Selon le décompte, le loyer courant n’est repris que de manière partielle, bien que des paiements soient réalisés en octobre, novembre et décembre 2024.
En conséquence, l’expulsion de Mme [P] [B] et de tous occupants de son chef sera ordonnée, avec l’assistance du commissaire de police et de la force publique, si besoin est, dans les deux mois suivant le commandement d’avoir à libérer les lieux.
La séquestration des biens et objets mobiliers se trouvant éventuellement dans les lieux lors de l’expulsion dans tel garde meubles ou local de son choix, aux frais, risques et périls de la société Immobilière 3F sera autorisée.
Sur l’indemnité d’occupation
Devenu occupant sans droit ni titre en raison de la résiliation du bail, le locataire est redevable d’une indemnité d’occupation s’il se maintient dans les lieux au-delà de la résiliation du bail et jusqu’à la date de restitution des clés au propriétaire des lieux ou à une personne habilitée à les recevoir.
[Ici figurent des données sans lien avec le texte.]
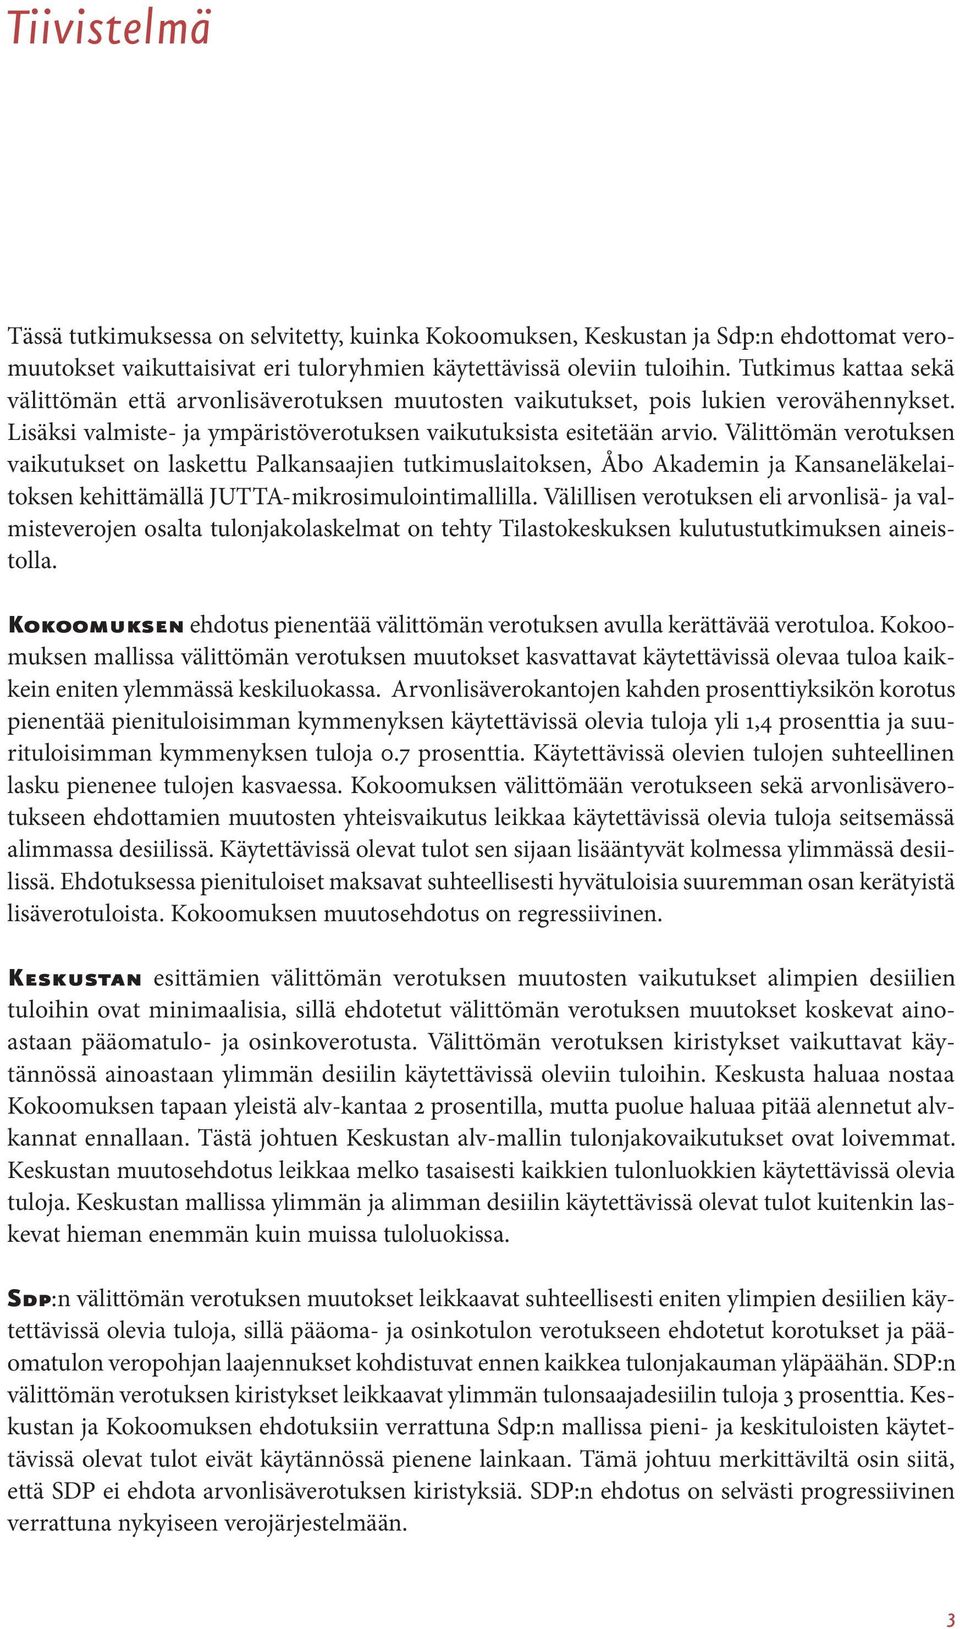 Välittömän verotuksen vaikutukset on laskettu Palkansaajien tutkimuslaitoksen, Åbo Akademin ja Kansaneläkelaitoksen kehittämällä JUTTA-mikrosimulointimallilla.

Cette indemnité est destinée à réparer le préjudice réel subi par le bailleur.
La résiliation du bail a été fixée au 26 juin 2024. La société IMMOBILIERE 3F sollicite une indemnité d’occupation mensuelle égale au montant du loyer du logement litigieux majoré de 50%. Elle demande subsidiairement une indemnité d’occupation mensuelle non inférieure au montant du loyer majoré des charges du logement litigieux.
La société IMMOBILIERE 3F ne justifie pas que son préjudice est égal au montant du loyer du logement litigieux majoré de 50%.
Dès lors, l’indemnité d’occupation mensuelle sera égale au montant du loyer indexé et des charges révisées comme si le bail se poursuivait. Mme [P] [B] sera condamnée à la payer à la société IMMOBILIERE 3F, à compter du 26 juin 2024 et jusqu’à la complète reprise des lieux par la bailleresse.
Sur l’arriéré locatif
Selon l’assignation en date du 1er août 2024, la dette locative relative aux loyers et charges impayés est de 2.368,31 euros au 30 juin 2024, mois de juin 2024 inclus.
En conséquence, Mme [P] [B] sera condamnée à payer à la société IMMOBILIERE 3F la somme de 2.368,31 euros.
Sur les frais du procès et l’exécution provisoire
1- Sur les dépens
Aux termes de l’article 696 du code de procédure civile, la partie perdante est condamnée aux dépens, à moins que le juge, par décision motivée, n’en mette la totalité ou une fraction à la charge d’une autre partie.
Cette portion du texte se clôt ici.